Devon frowns and stops, spatula in hand. “Someone climbed up and stuck it behind the poster? Why? They’d still need to pull off the poster later. That doubles the chances of being caught. I think someone’s messing with you, Casey.”

“Apparently the movie sign was loosely attached. They were waiting for it to fall off, and then I’d zero in on that time frame to figure out who posted it.”

He scrapes off a hot cookie and sets it onto a plate for me. “I guess that’s semi-clever. Still, they’d need to get up there in the first place, not just to stick up a sign but to remove the top one, put on the new one, and tape the original over it. Lots of opportunity to be spotted.”

“Not if you’re the person putting up the movie sign.”

He pauses. It takes a moment. Then he says, “Wait. You think whoever posted Will’s sign also posted the movie sign. That’s why no one would have noticed.
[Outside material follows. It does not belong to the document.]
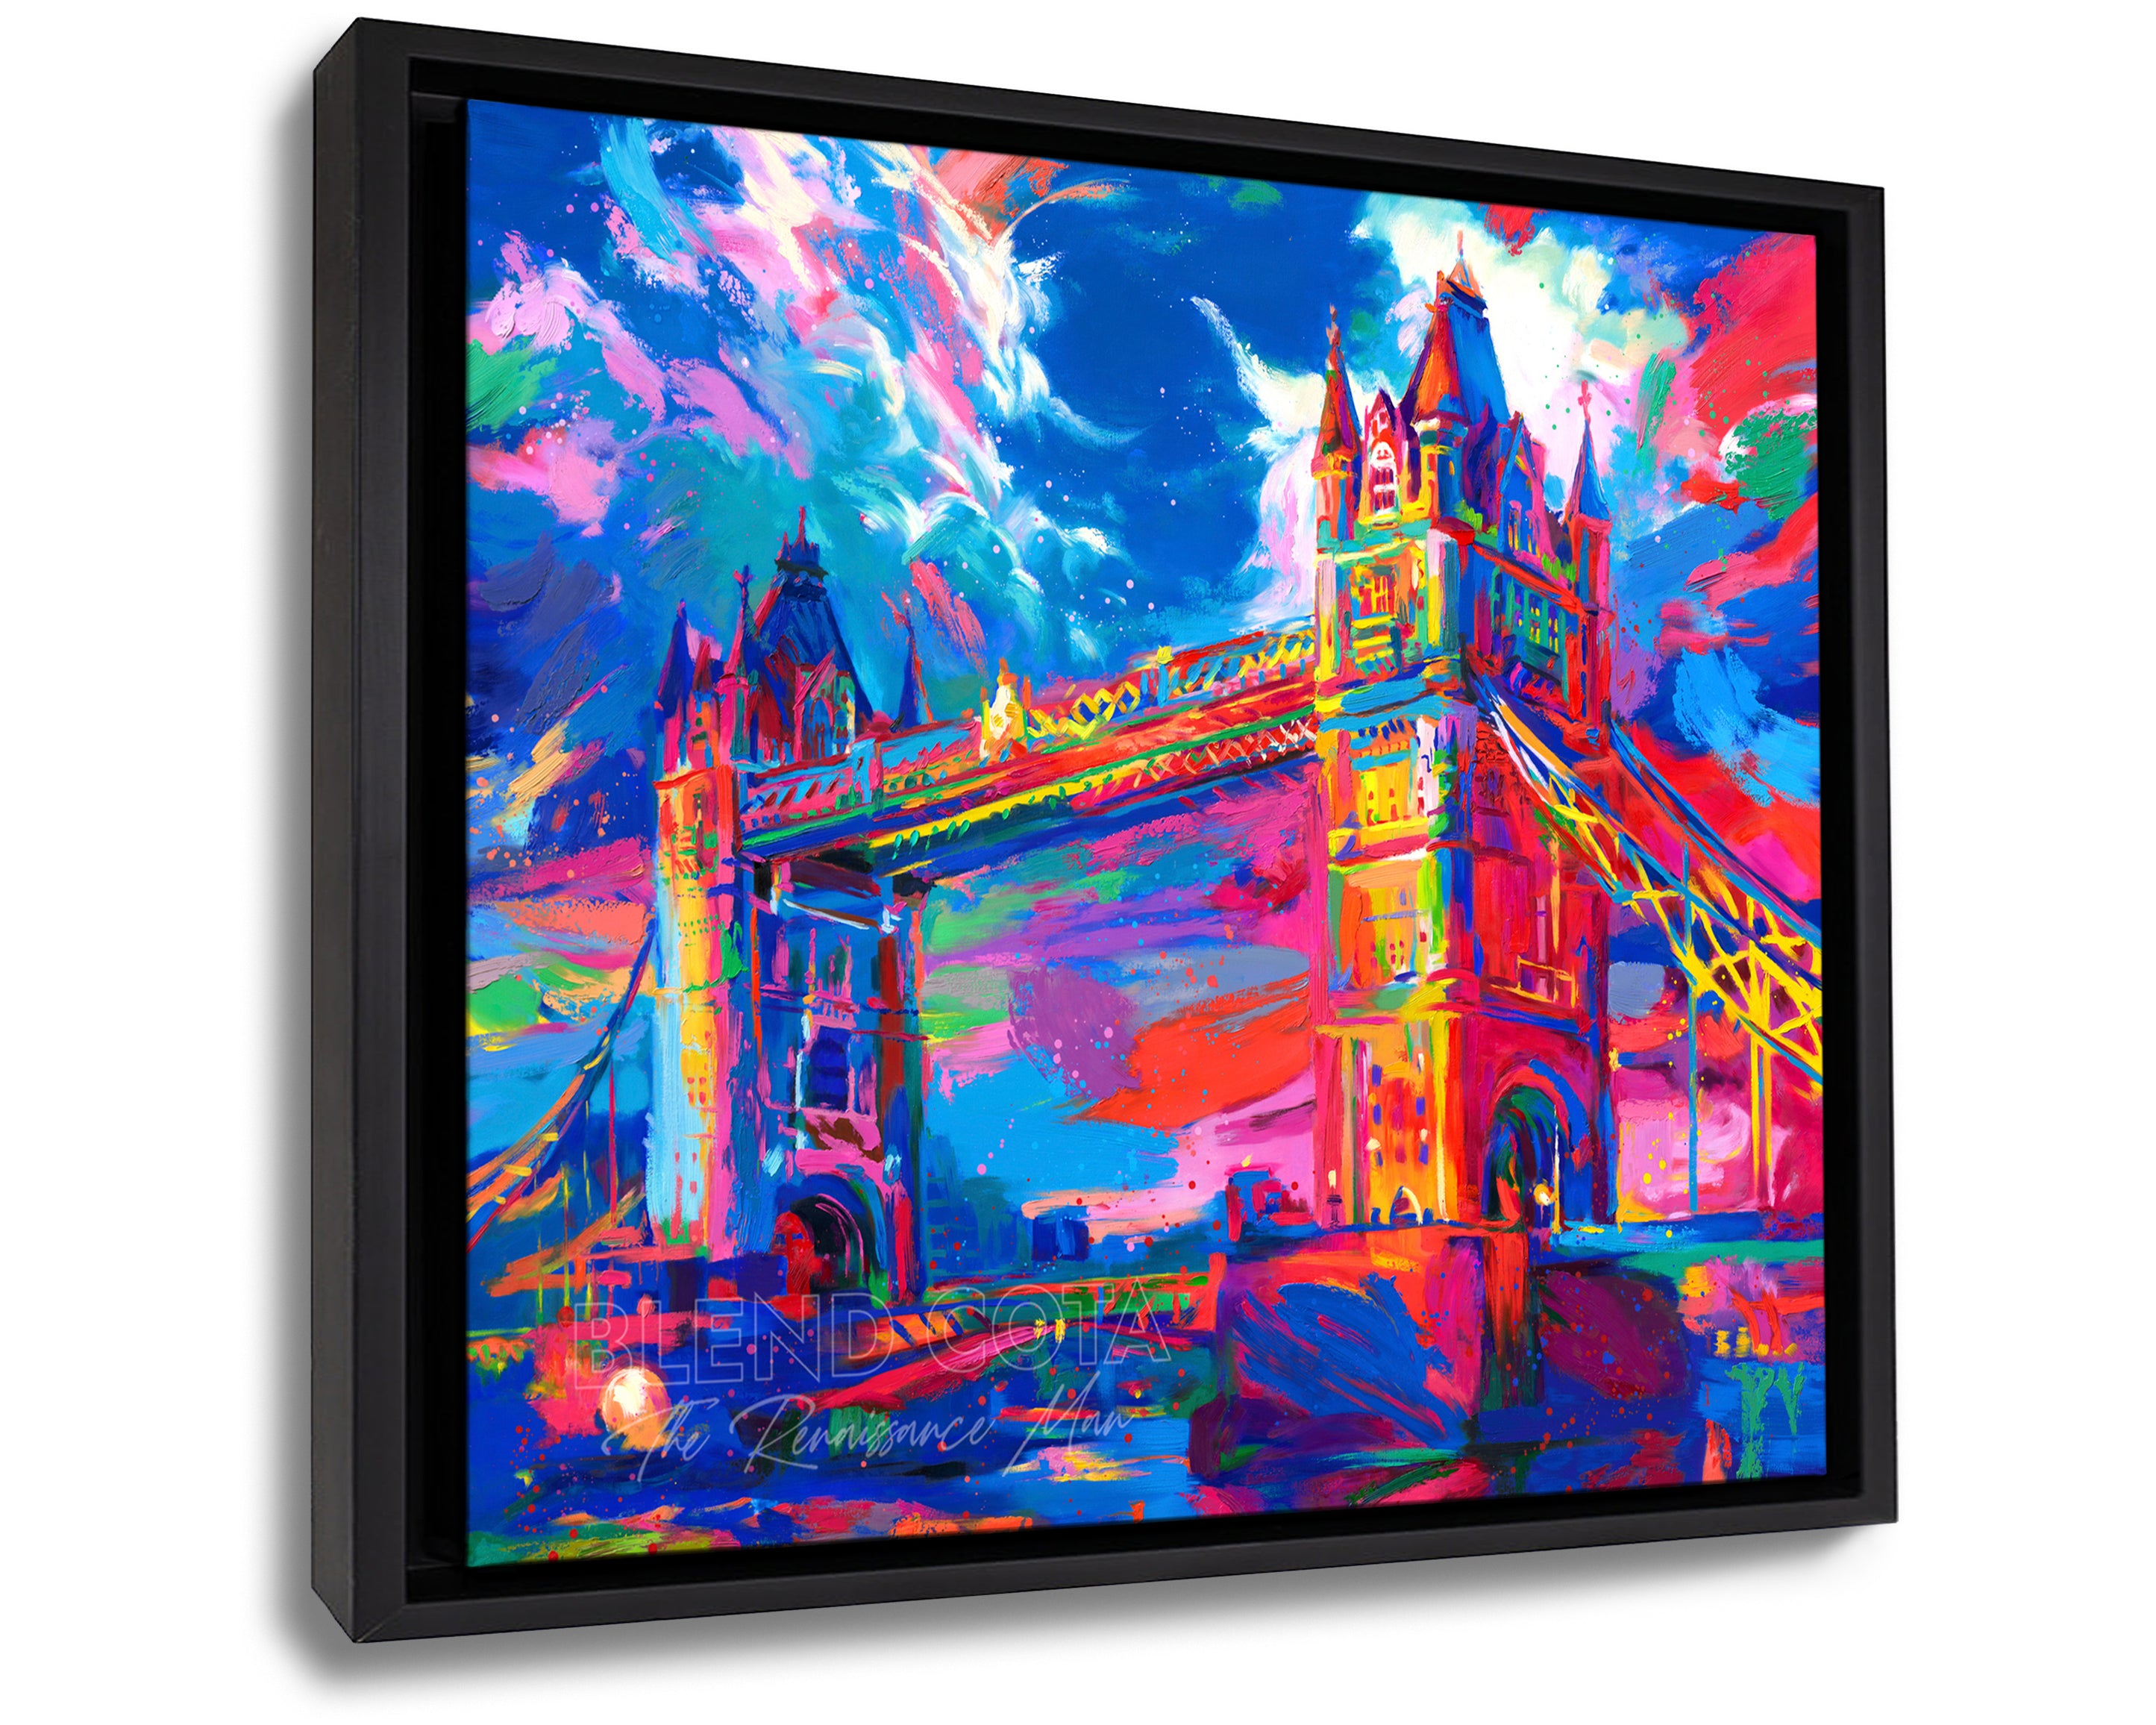 Framed art print on canvas of the London Tower Bridge in United Kingdom, seen below from the Thames, displaying masterful engineering and architecture of Victorian Gothic style, and symbol of strength and beauty, in colorful brushstrokes, color expressionism style.

They were doing their job.” He hands me the plate with the warm cookie. “Then I’m really glad I wasn’t the one putting up the sign this week.”

I exhale. “Thank you. That was awkward.”

He grins. “You still get a cookie, despite thinking I tried to destroy the nicest guy in town.”

Devon lifts a hand as I open my mouth to protest. “I’m teasing. You were following up on a lead. You had to ask. Putting up the sign is my job as head of the movie committee. This week, though, Gloria offered to do it. She had trouble reading my handwriting from a distance and wanted bigger letters. I suspect someone needs new glasses. She’s on the movie committee. No reason not to let her try her hand at sign writing. I offered to post it, but she said she’d do that, too.”